В ноябре месяце 1849 года Императорское Вольное экономическое общество по инициативе председателя своего совета вице-президента князя Василья Васильевича Долгорукова (в то время уже не бывшего ни при дворе, ни губернским предводителем) убедилось наконец, что ежегодно издерживать около 8000 рублей серебром совершенно непроизводительно на свои периодические издания, считавшие, при всей дешевизне подписочной цены (2 рубля в год за 6 книг), [малое число подписчиков, что][814]
значило издерживать слишком много денег, толча воду, и все-таки не иметь органа сколько-нибудь распространенного.

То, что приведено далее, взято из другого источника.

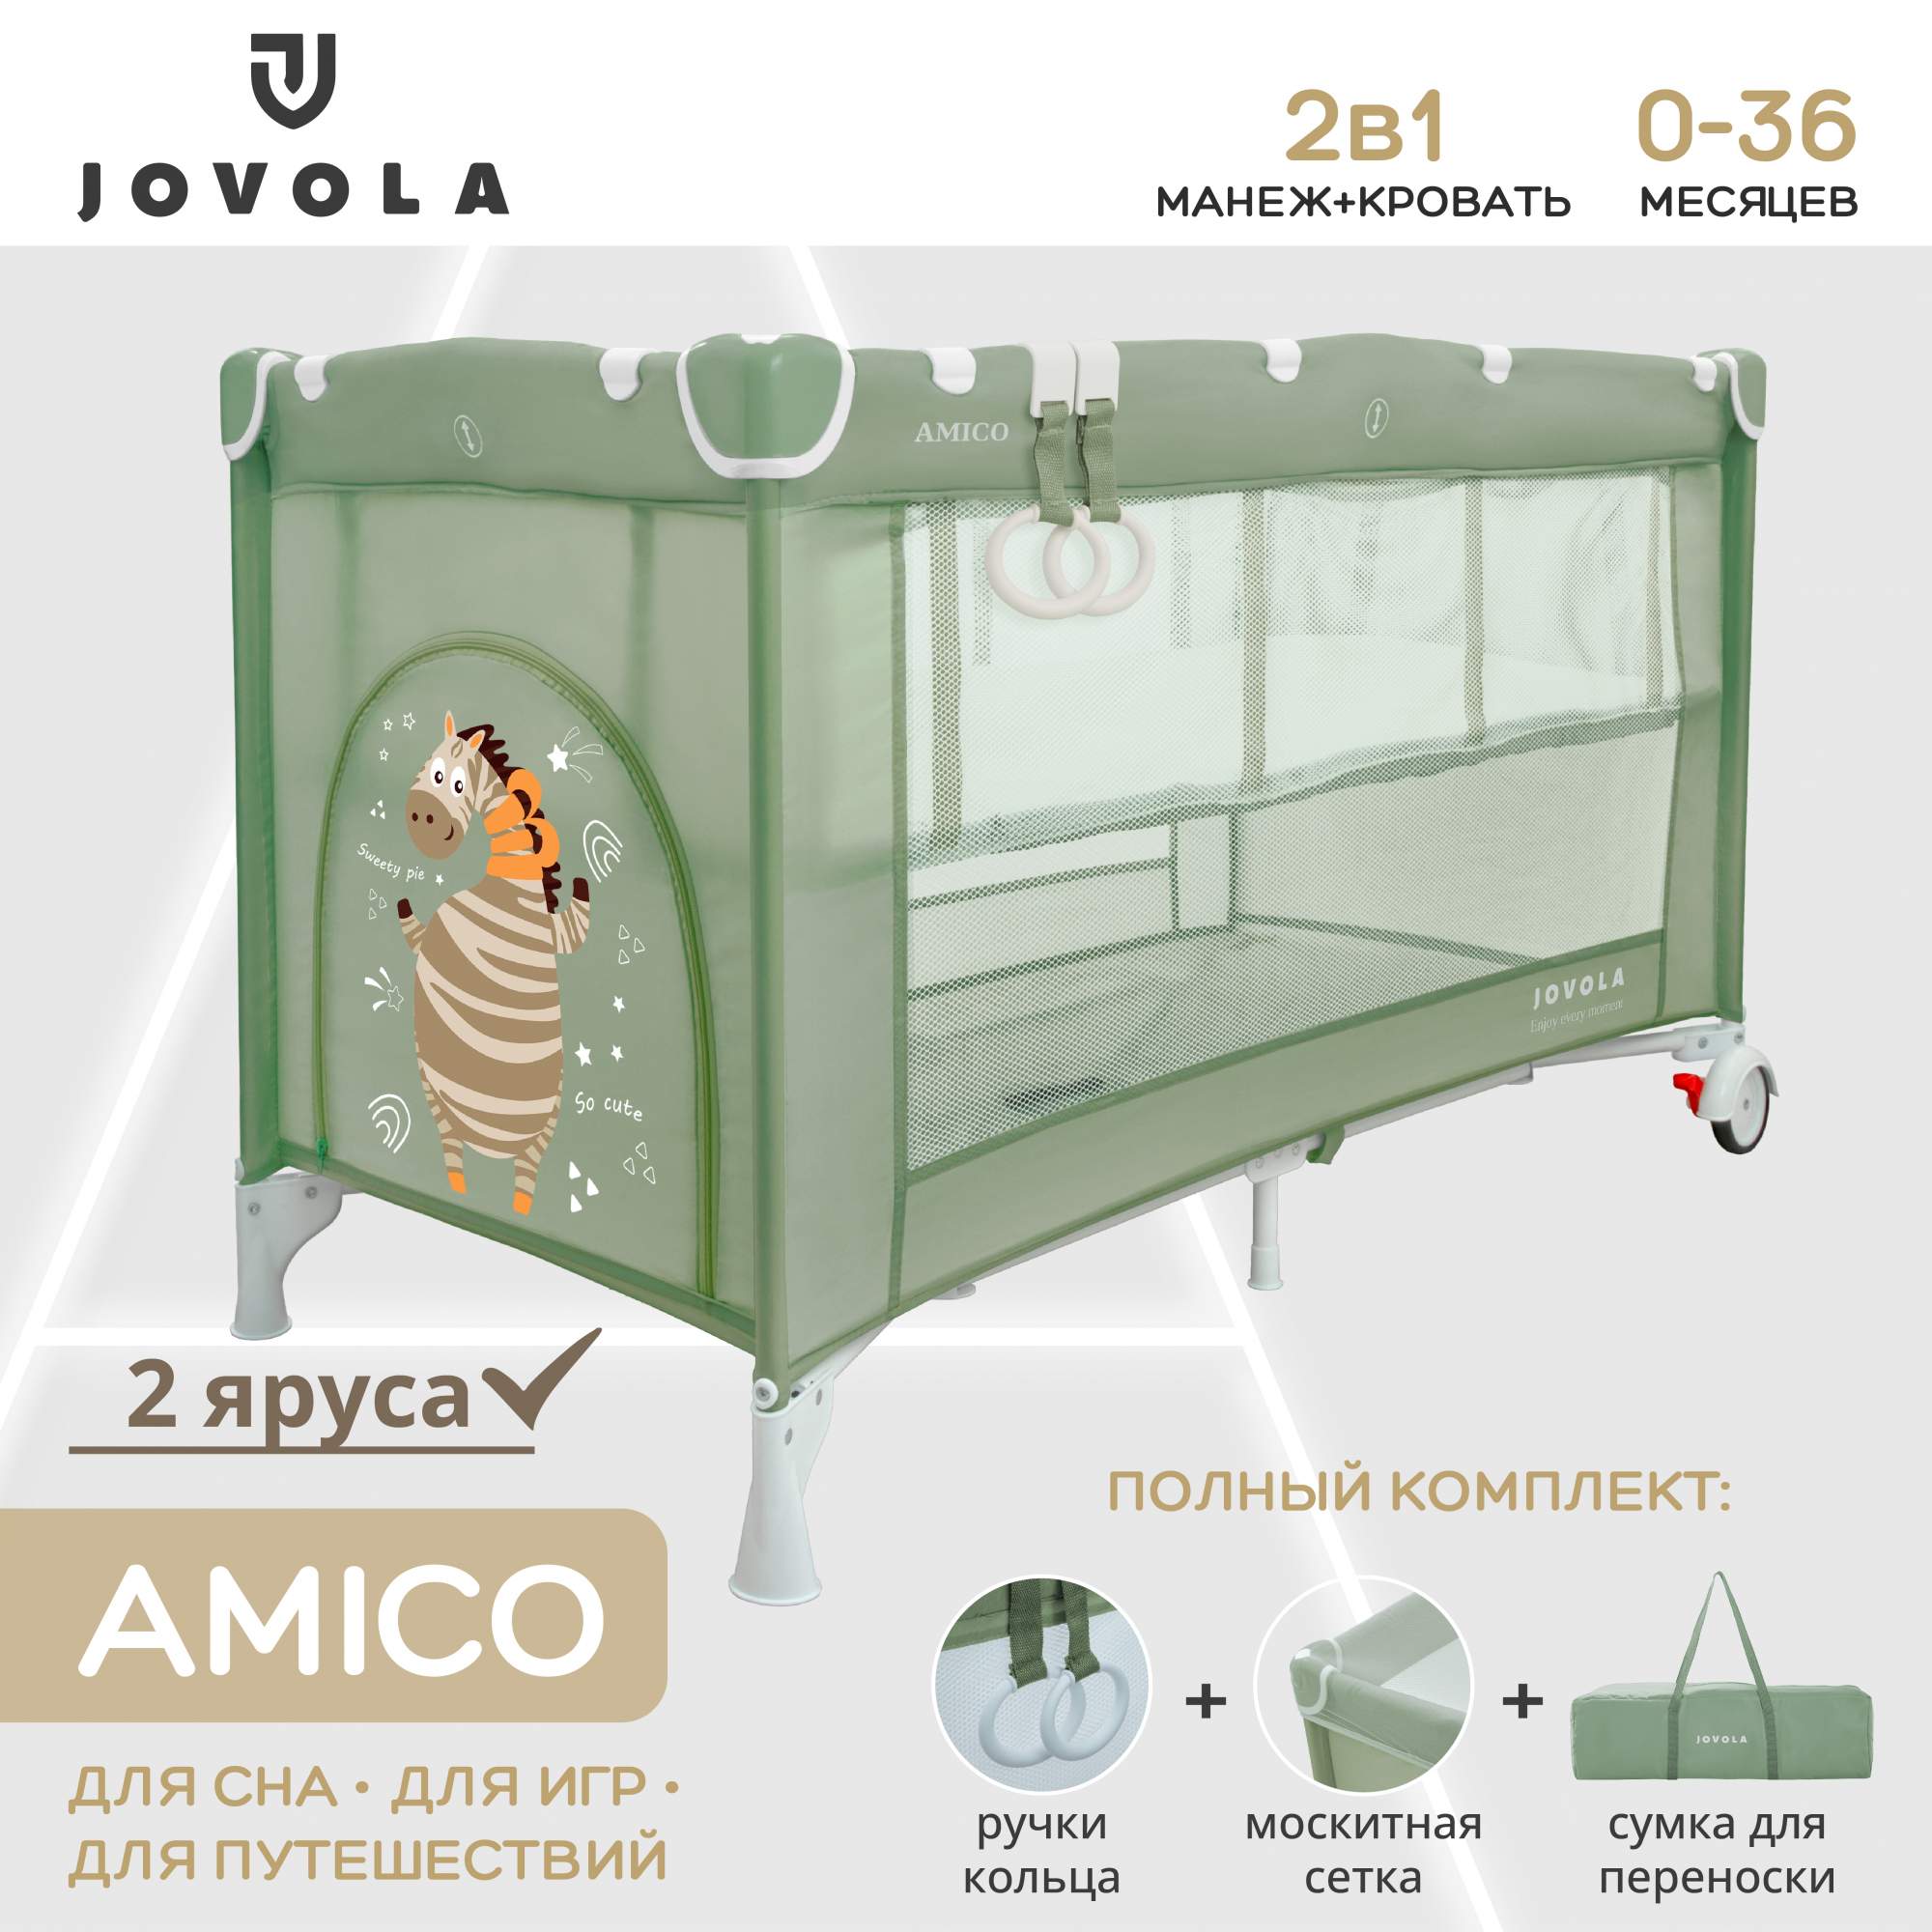 Манеж кровать детский JOVOLA AMICO для новорожденных складной 2 уровня зеленый манеж детский игровой solmax

После долгих, как водится в этих случаях, дебатов, споров, пререканий и в особенности разного рода интриг, развитых во всех, даже ученых и хозяйственных наших обществах до nec plus ultra[815], общее собрание, на этот раз необыкновенно многочисленное, утвердило меня редактором своего журнала на издательском праве с субсидиею в 3000 рублей серебром, т. е. чрез то начав с 1850 года издерживать на журнал пятью тысячами рублей меньше прежних годов. Мне же как-то Бог помог, – и вот со второй же книжки оказалась недостаточною эта цифра трех заводов, какие я печатал для первого нумера, т. е. 3600 экземпляров вместо 600, какие печатаемы были прежде, и число подписчиков, не считая безмездно раздаваемых экземпляров, дошло к выходу февральской книжки до 6500 экземпляров.Когда явилась в свет моя первая книжка журнала экономического общества в январе 1850 года, то зависть и злоба против меня стали проявляться во всевозможных своих позволительных и непозволительных формах. Но главную роль играла непозволительная форма доноса, и, как я уже об этом говорил прежде в другой статье[816]
, тот, кто наиболее писал к князю и в совет общества площадных ругательств на меня, был некогда знаменитый наш публицист, Фаддей Венедиктович Булгарин, старавшийся, вместе с несколькими другими, себе подобными по чувствам личностями, вредить мне по возможности. Но все это, конечно, проходило бесследно для меня, потому что князь Василий Васильевич Долгоруков был, с одной стороны, слишком прямой и чистый русский боярин, с другой стороны, слишком нравственно благородный человек, чтобы, при всей малохарактерности своей, давать грязным доносам иное значение, как то, какое они заслуживали.Со всем тем личности эти имели тайные негласные связи в сокровеннейших тайниках цензурного управления, почему, когда в конце февраля 1850 года вышла моя вторая, т. е. февральская книжка, партия, враждовавшая против меня, имея пособницею своею тогдашнюю цензуру, чуть-чуть не погубила меня и не выбила пера из моей руки, чего, впрочем, именно партия эта и домогалась. Ежели эта интрига в своих намерениях и зловредных действиях потерпела положительное фиаско, то лишь потому, что злоба этих господ оказалась слабою и ничтожною против светлого ума и чувства правды покойного императора Николая Павловича.